Problem statement:
Could you output each line below exactly as it appears, excluding any pictures?

Dataset extract:
━━━━━━━━━━━━━━━━━━━━━━━━━━━━━━

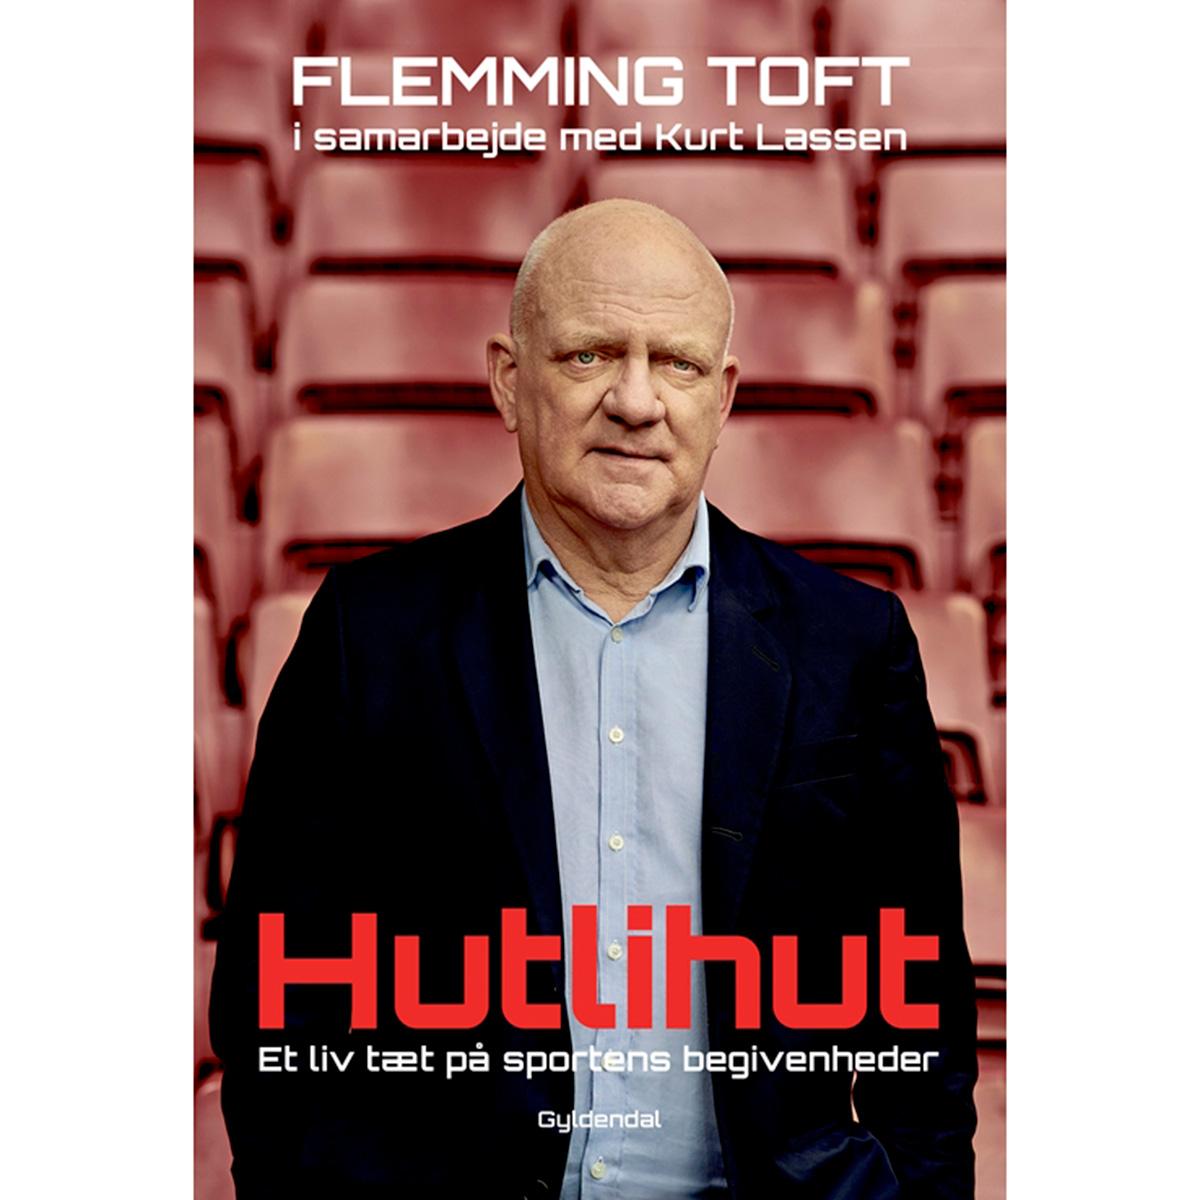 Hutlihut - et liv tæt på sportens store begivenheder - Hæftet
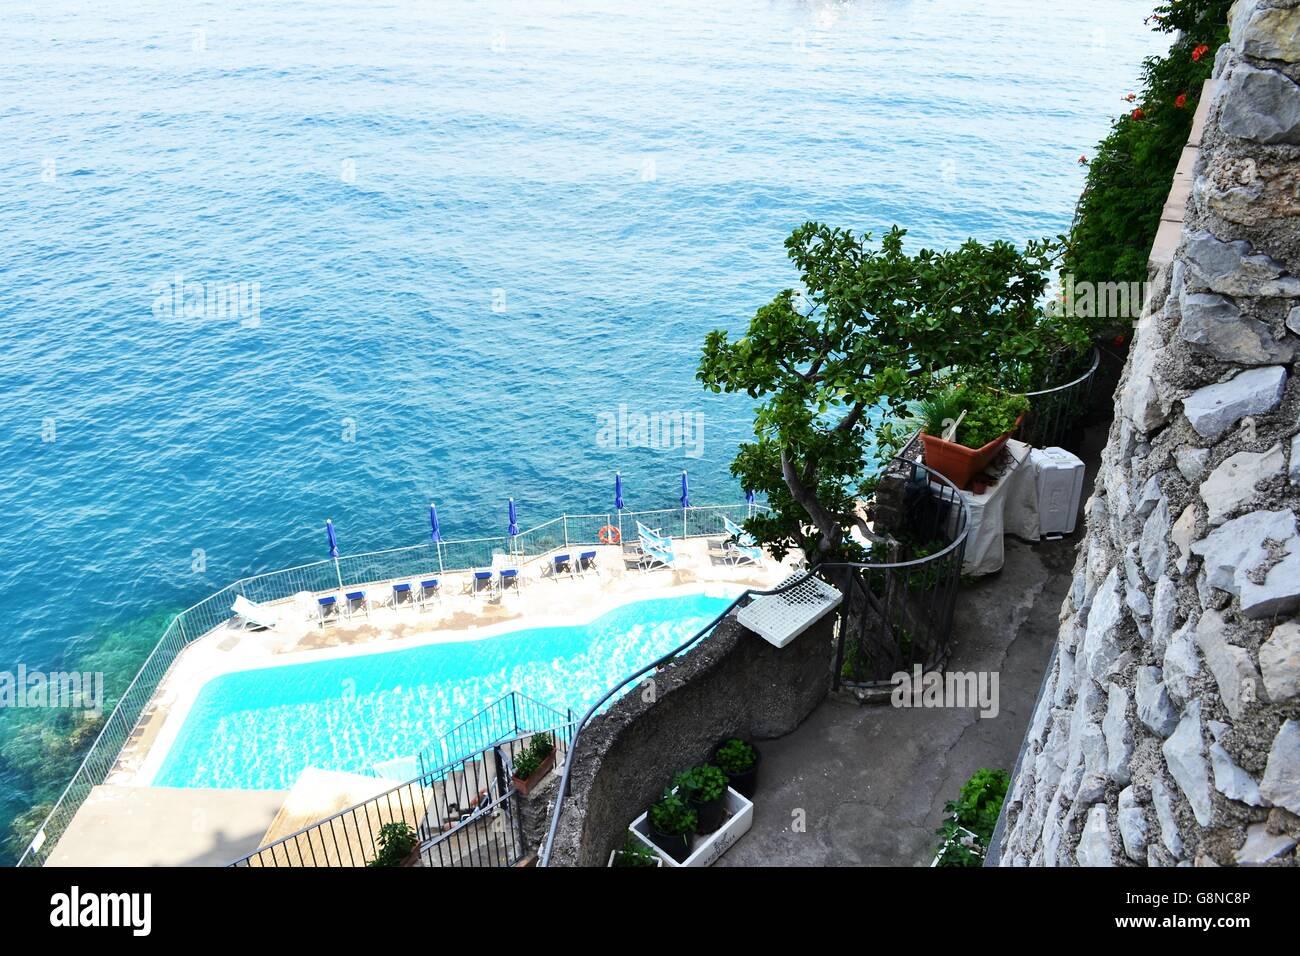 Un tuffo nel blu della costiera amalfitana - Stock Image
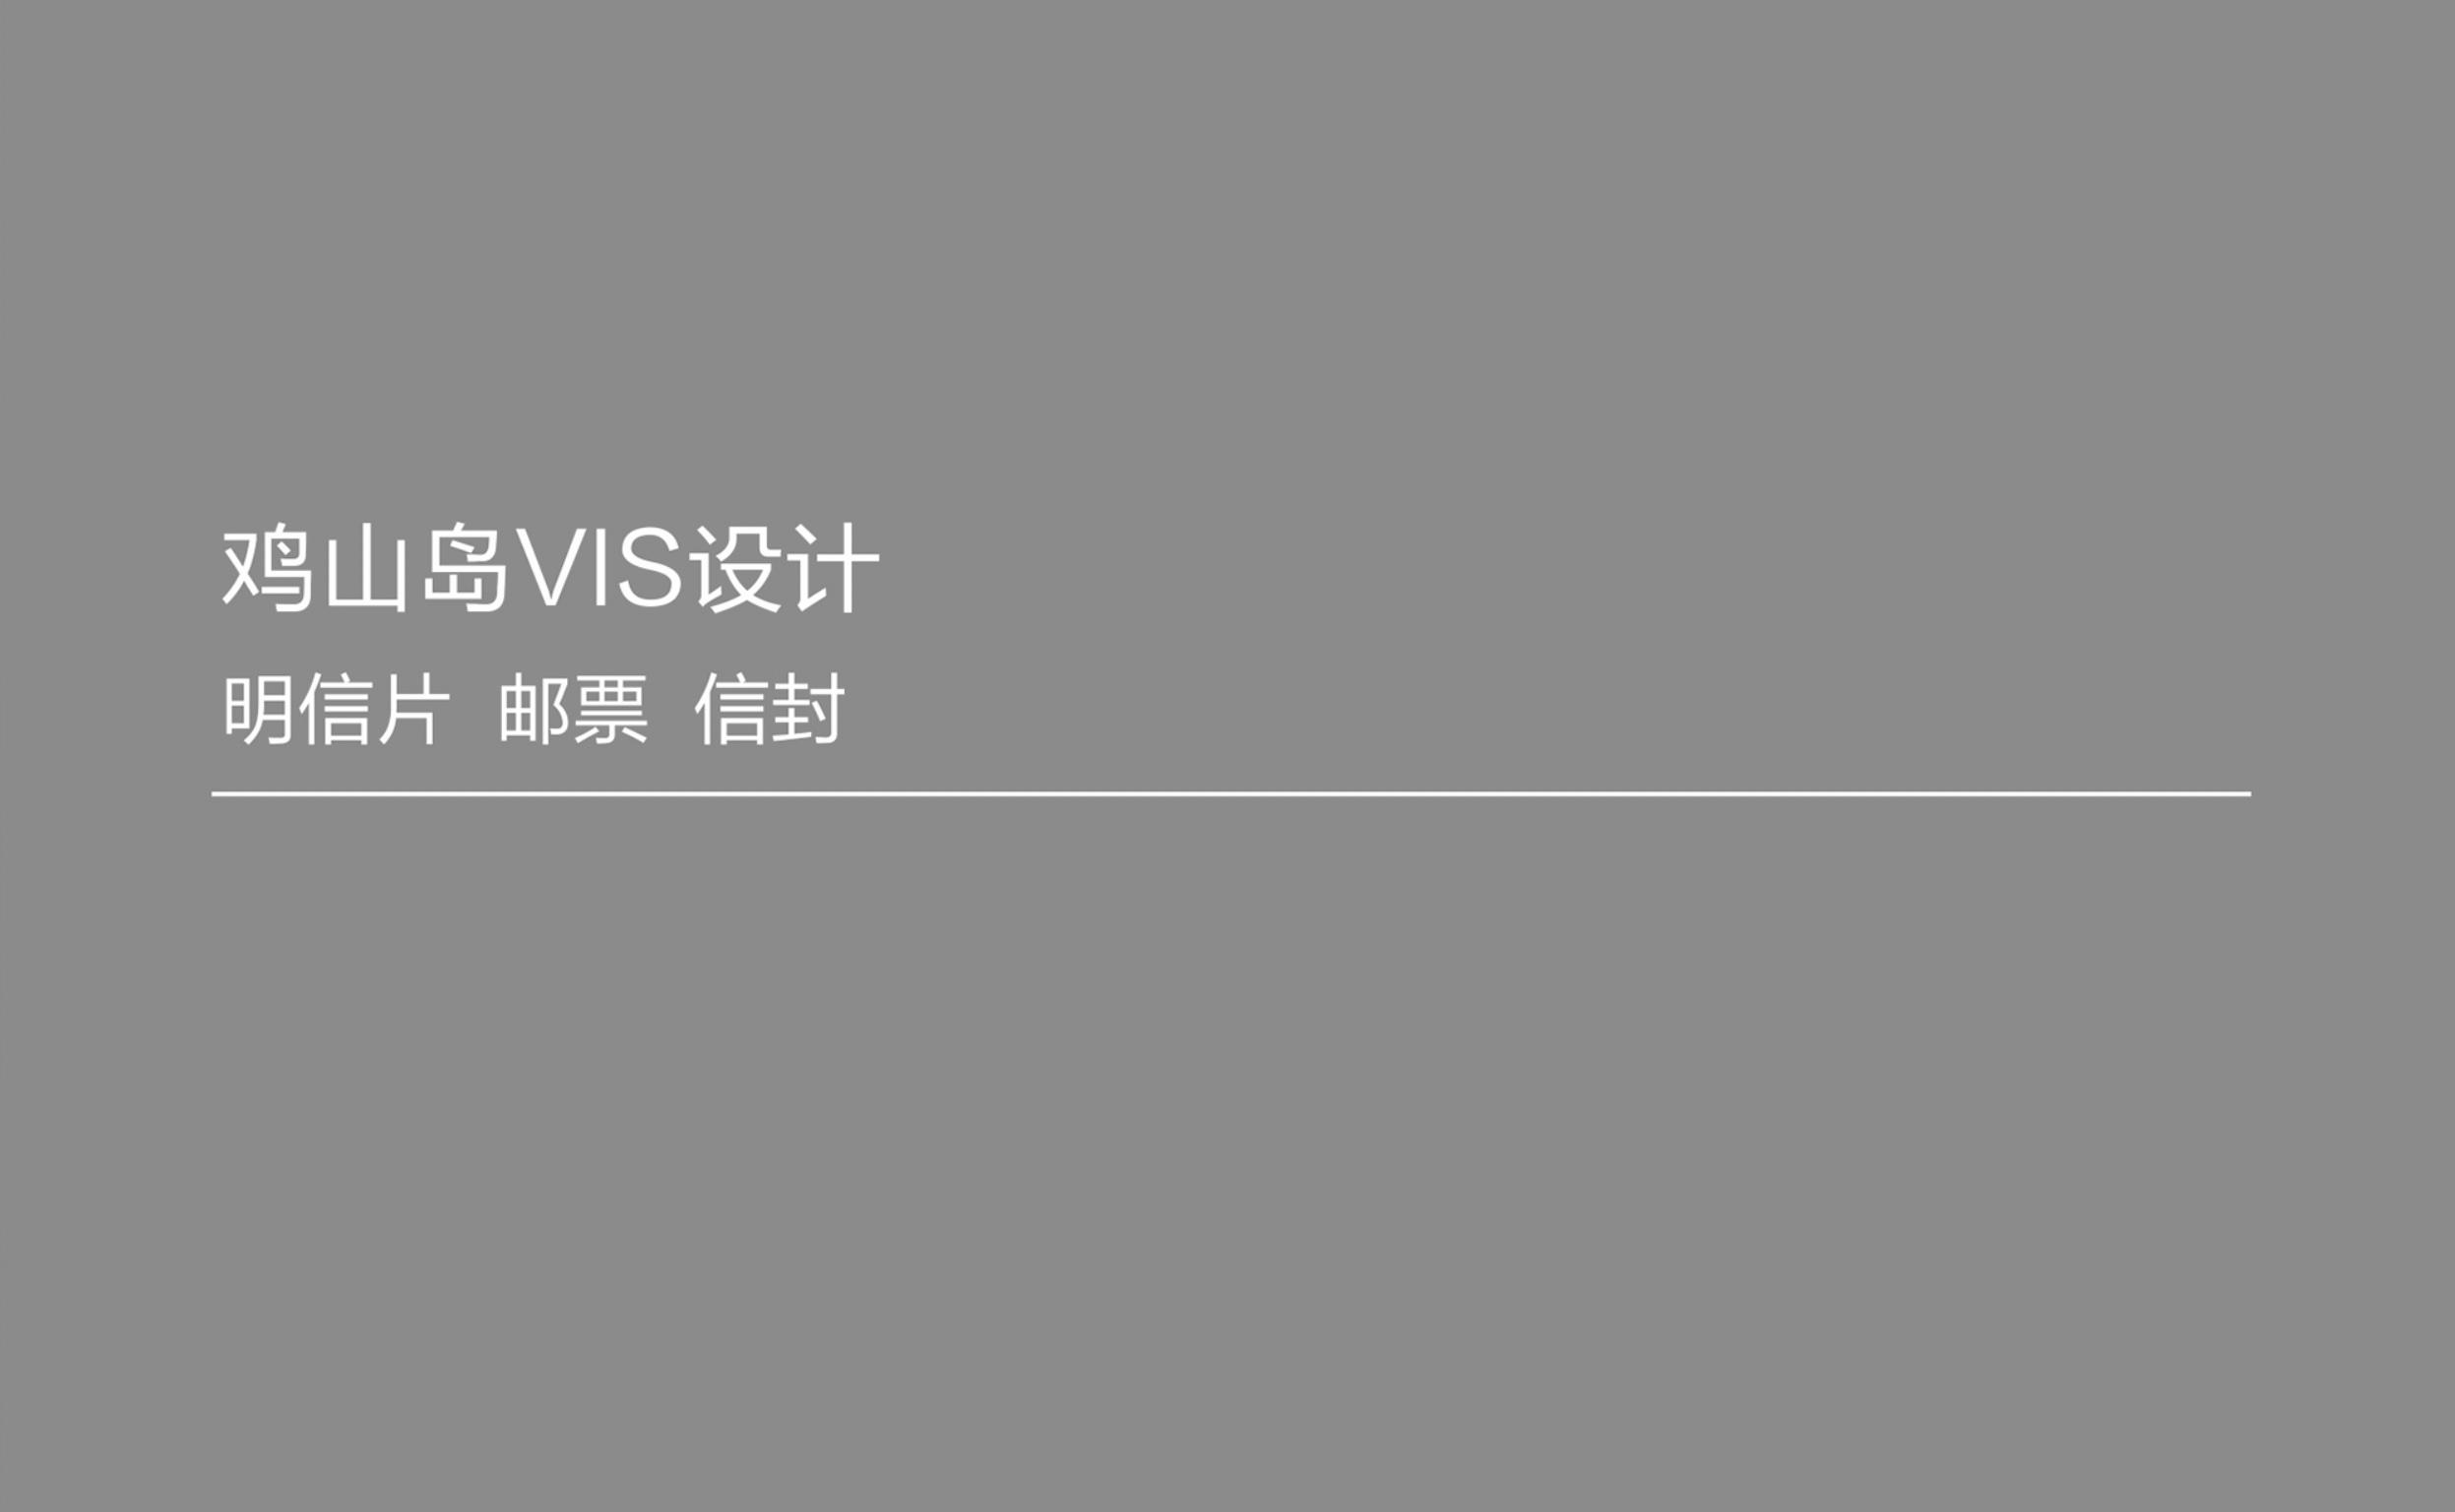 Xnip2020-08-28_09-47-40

━━━━━━━━━━━━━━━━━━━━━━━━━━━━━━

Answer to this exercise:
 Hutlihut - et liv tæt på sportens store begivenheder - Hæftet
 Un tuffo nel blu della costiera amalfitana - Stock Image
 Xnip2020-08-28_09-47-40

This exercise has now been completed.